My mom recommended this to me. It's a delightful British mystery series (that apparently has some of the same writers who worked on Foyle's War). It's been on the air for years, so there are many episodes, and more are coming. John Nettles plays a dedicated, likeable police inspector in current-day rural England, in a fictional county, Midsomer, that visually evokes the ultimate ideal of English countryside. The show is chock full of quaint English villages, beautiful English gardens, charming thatched cottages, cozy village pubs, crumbling stately manors, lush greenwood settings... and homical maniacs! (After watching the series for a while, you begin to think of the lovely English countryside as far too dangerous for a vacation.) Many of the episodes are built around popular English country life and folklore motifs, such as the Green Man, Celtic mythology, gardening fanatics, second sight, hauntings and ghosts, amateur theatricals, traveling folk, fox hunters, and so on. It's great fun!
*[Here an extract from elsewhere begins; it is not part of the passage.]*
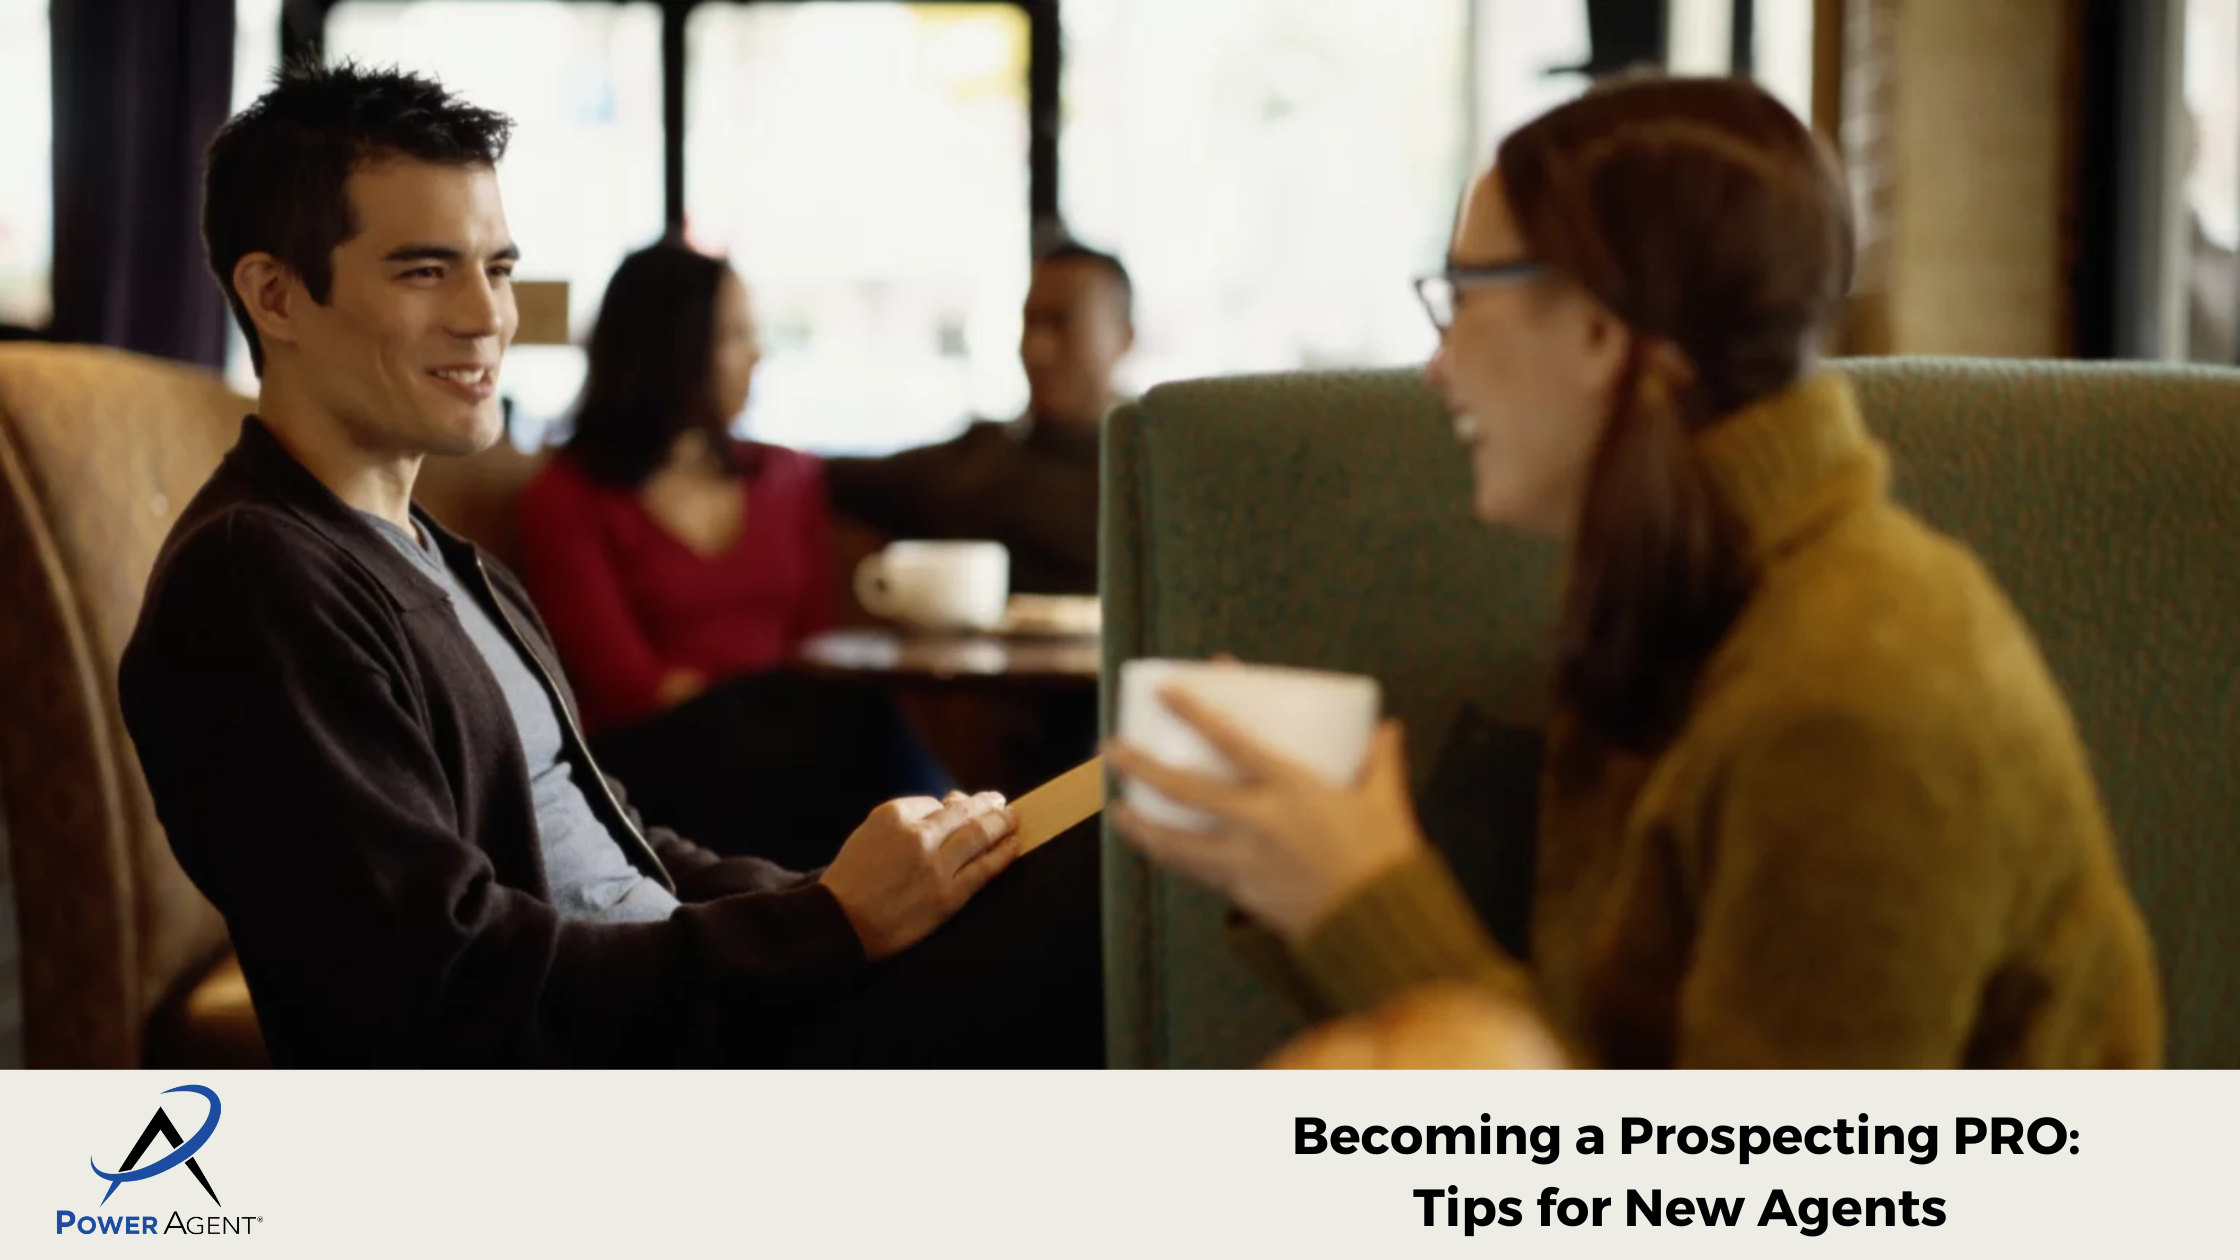 Becoming a Prospecting PRO: Tips for New Agents

And since Midsomer County always seems to be in bloom and greenery, it's particular soothing to watch during a Midwestern winter.

 

Rome
(UK, 2005-2007)

Rome
Filmed entirely in Italy (but with mostly British actors in the lead roles), this is a vivid, compelling portrayal of the late-Republic in Rome, from Caesar's conquest of Gaul, through the crowning of Augustus as Emperor. I wouldn't recommend this for family viewing, since it's a frank portrayal of a very different era, in which sex wasn't particularly private and violence was a fact of daily life. It's full of fascinating period detail (I really enjoyed the DVD feature that lets "Historical Notes" pop up during scenes), top-level production values, strong writing, complex stories, and terrific performances. Although it's hard to find anyone in the series to like, there are nonetheless many compelling characters here whose stories are absorbing. There are two seasons, and I think the first season is the better one. It covers Caesar's rise to power. The second season covers the years of chaos and (more) civil war that followed Caesar's death, and although it's still very good, a number of the most compelling characters are dead in season two. Since this is due to history, rather than creative choice, it's not the writers' fault, of course. Also, I thought the portrayal of Cleopatra, who appears more in the second season, was way off-base. But, overall, excellent, action-packed, conflict-filled drama.